What the exercise asks:
The lines from the one containing "Purple Flower in" to the end of the entries, both included, are what you need to transcribe exactly, without pictures and without anything else.

Data:
----------

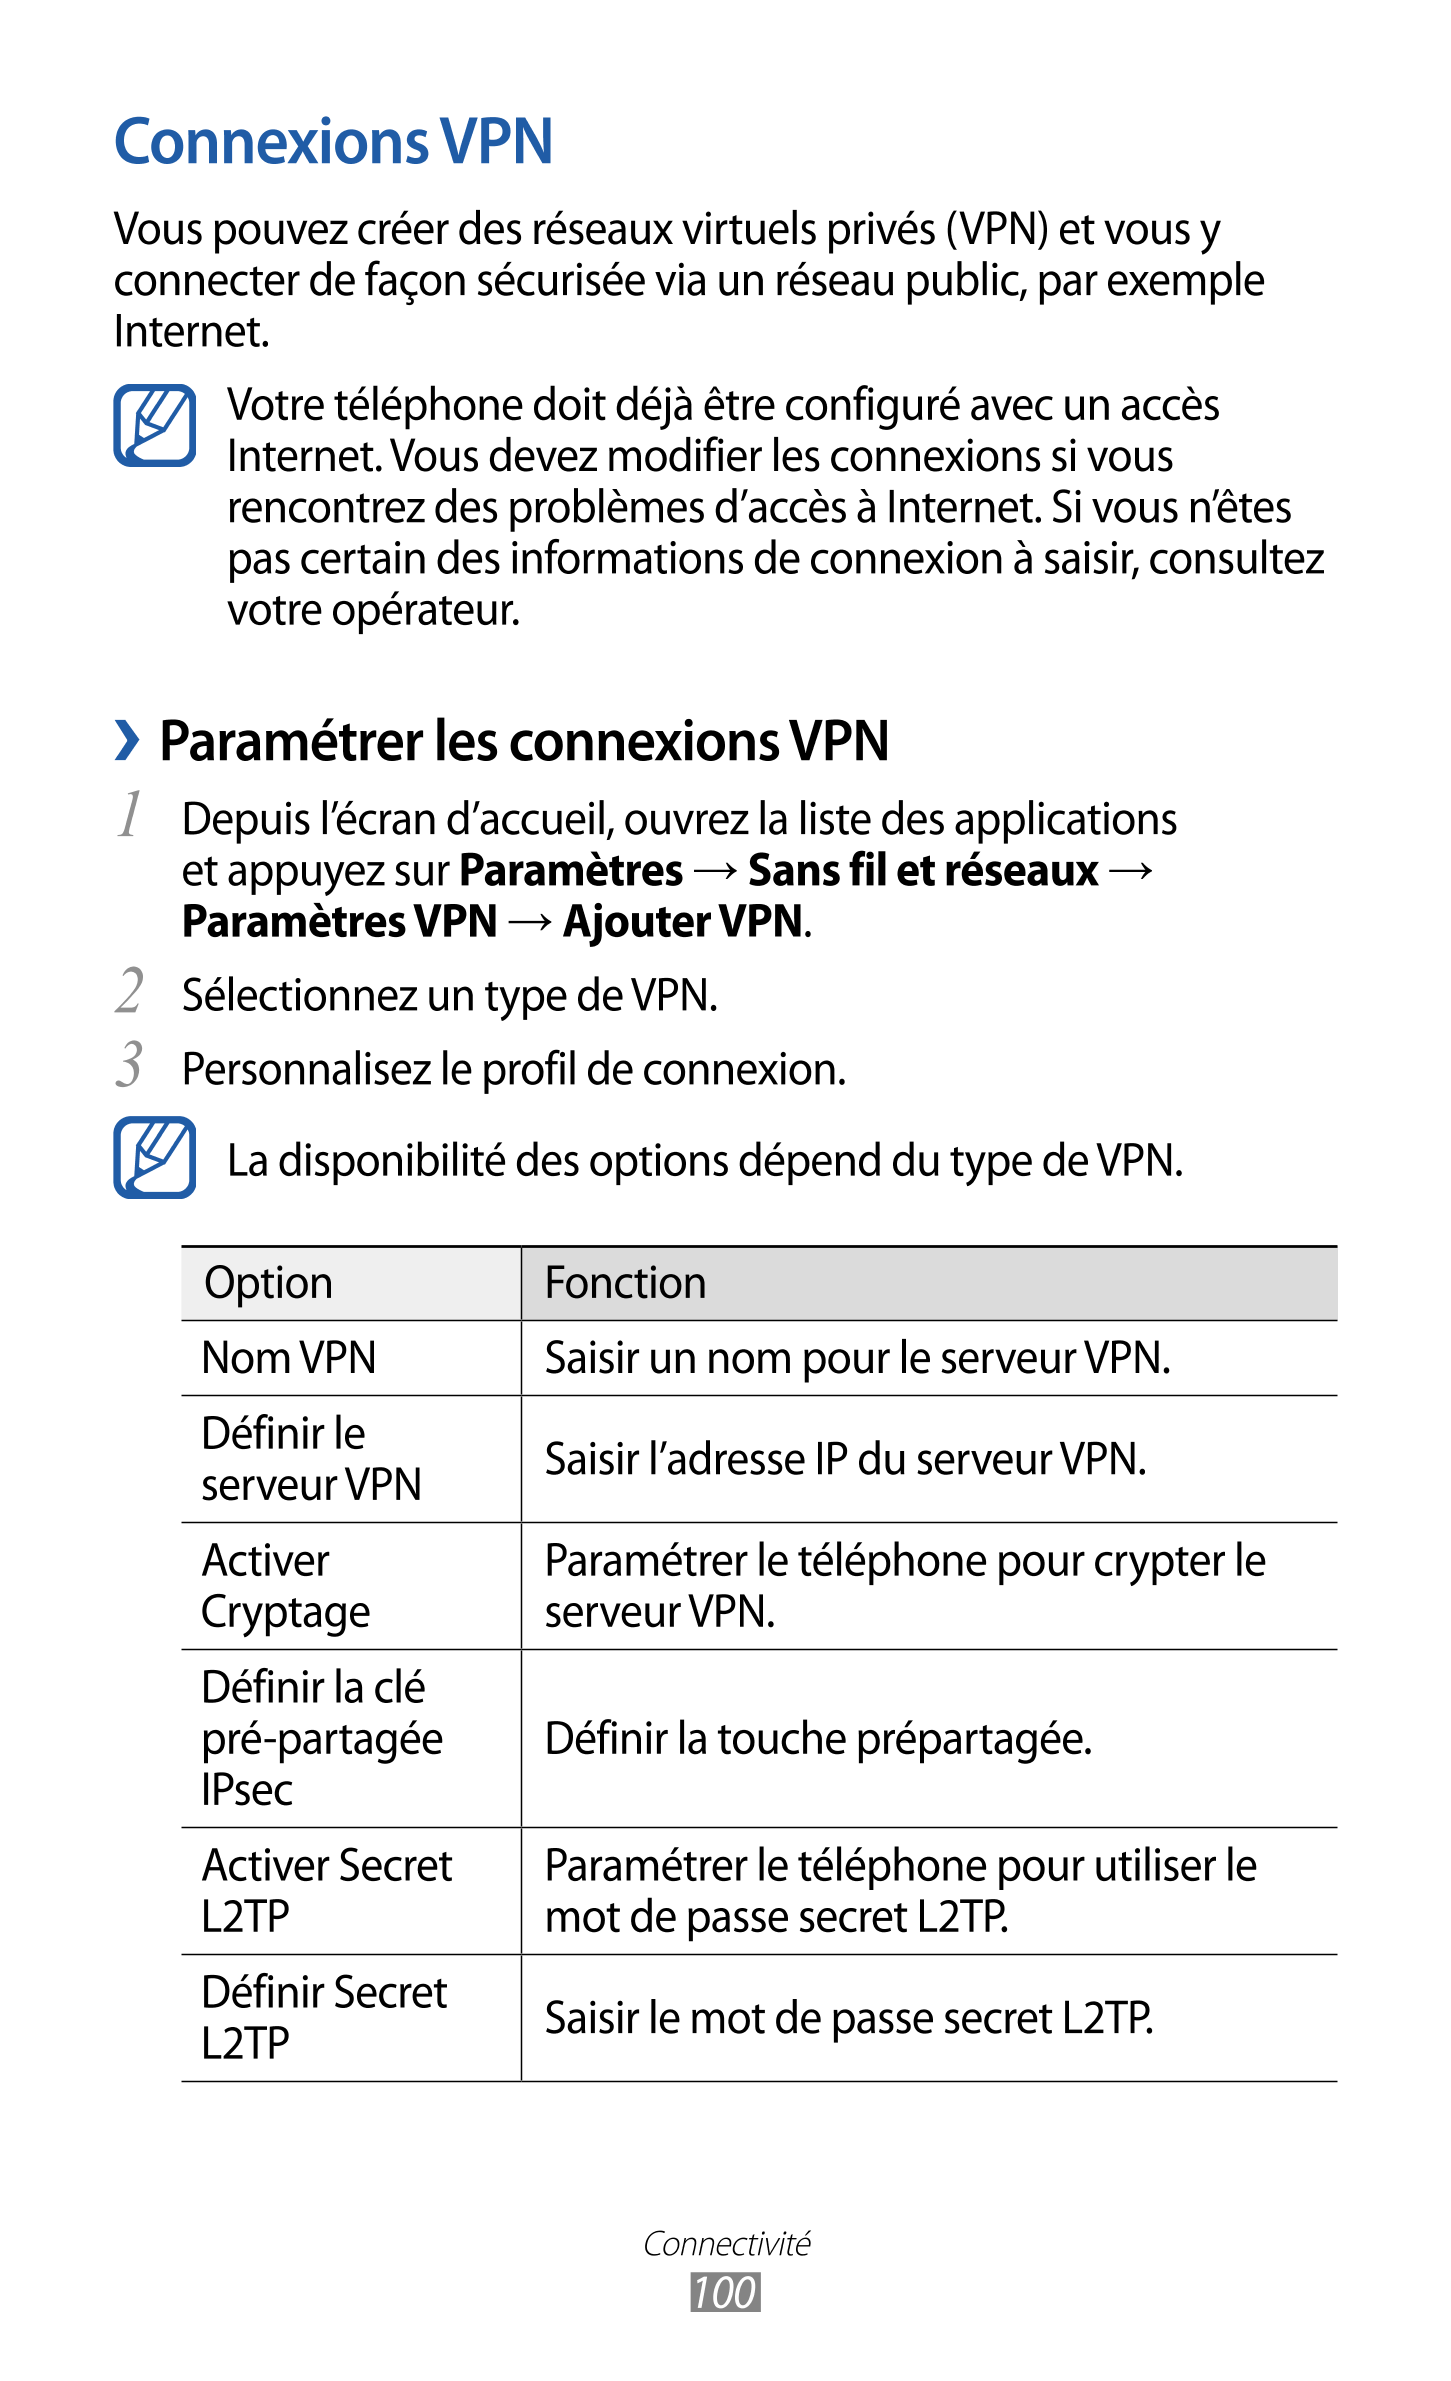 Connexions VPN
Vous pouvez créer des réseaux virtuels privés (VPN) et vous y 
connecter de façon sécurisée via un réseau public,
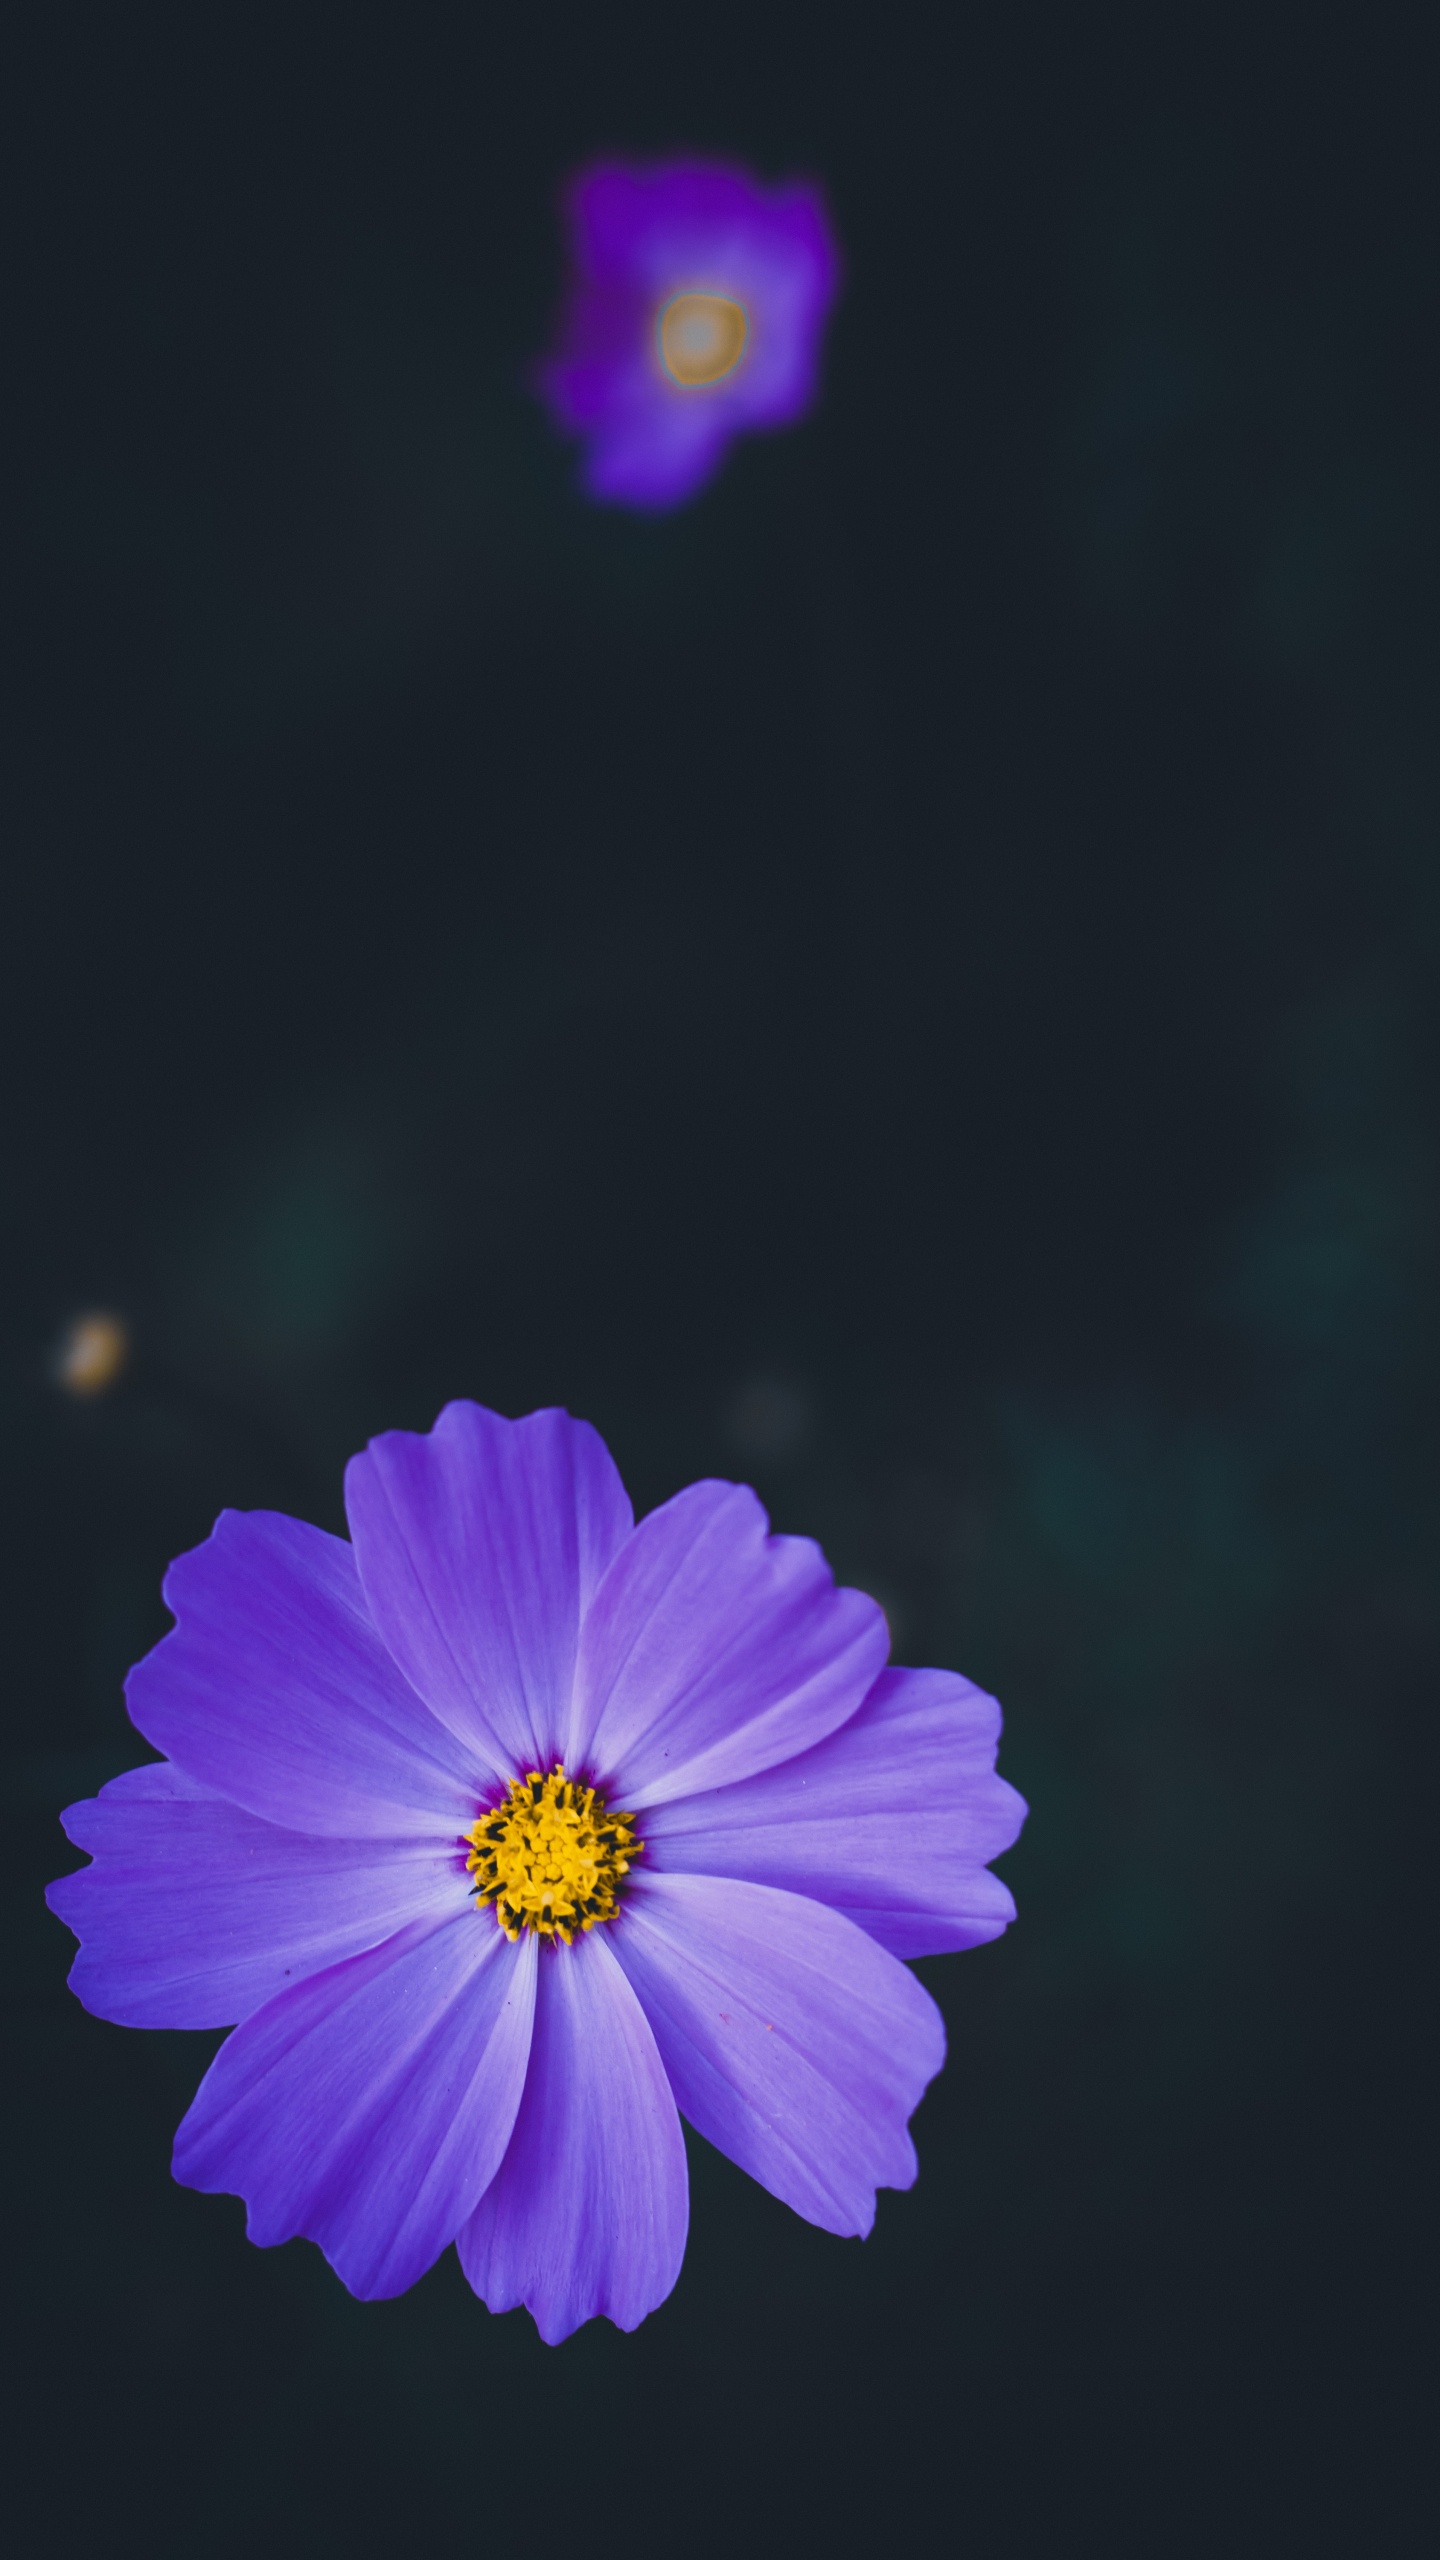 Purple Flower in Tilt Shift Lens. Wallpaper in 1440x2560 Resolution
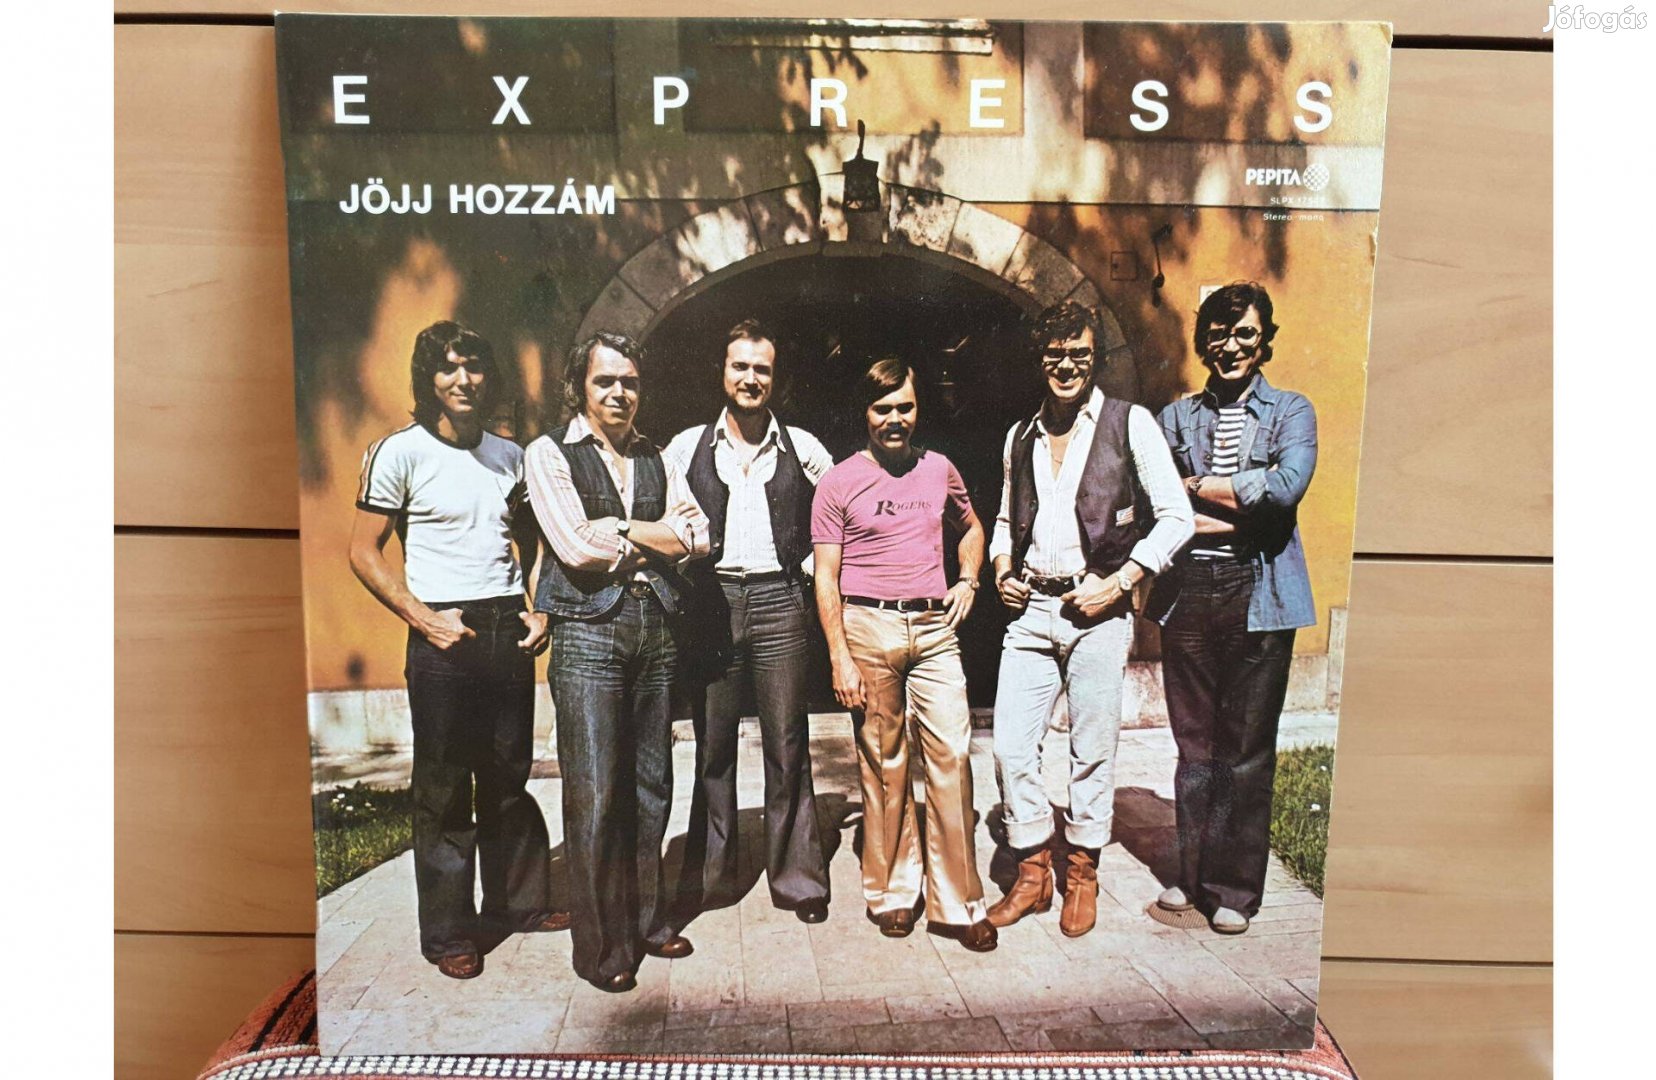 Express - Jöjj hozzám hanglemez bakelit lemez Vinyl

----------

Problem solution:
 Purple Flower in Tilt Shift Lens. Wallpaper in 1440x2560 Resolution
 Express - Jöjj hozzám hanglemez bakelit lemez Vinyl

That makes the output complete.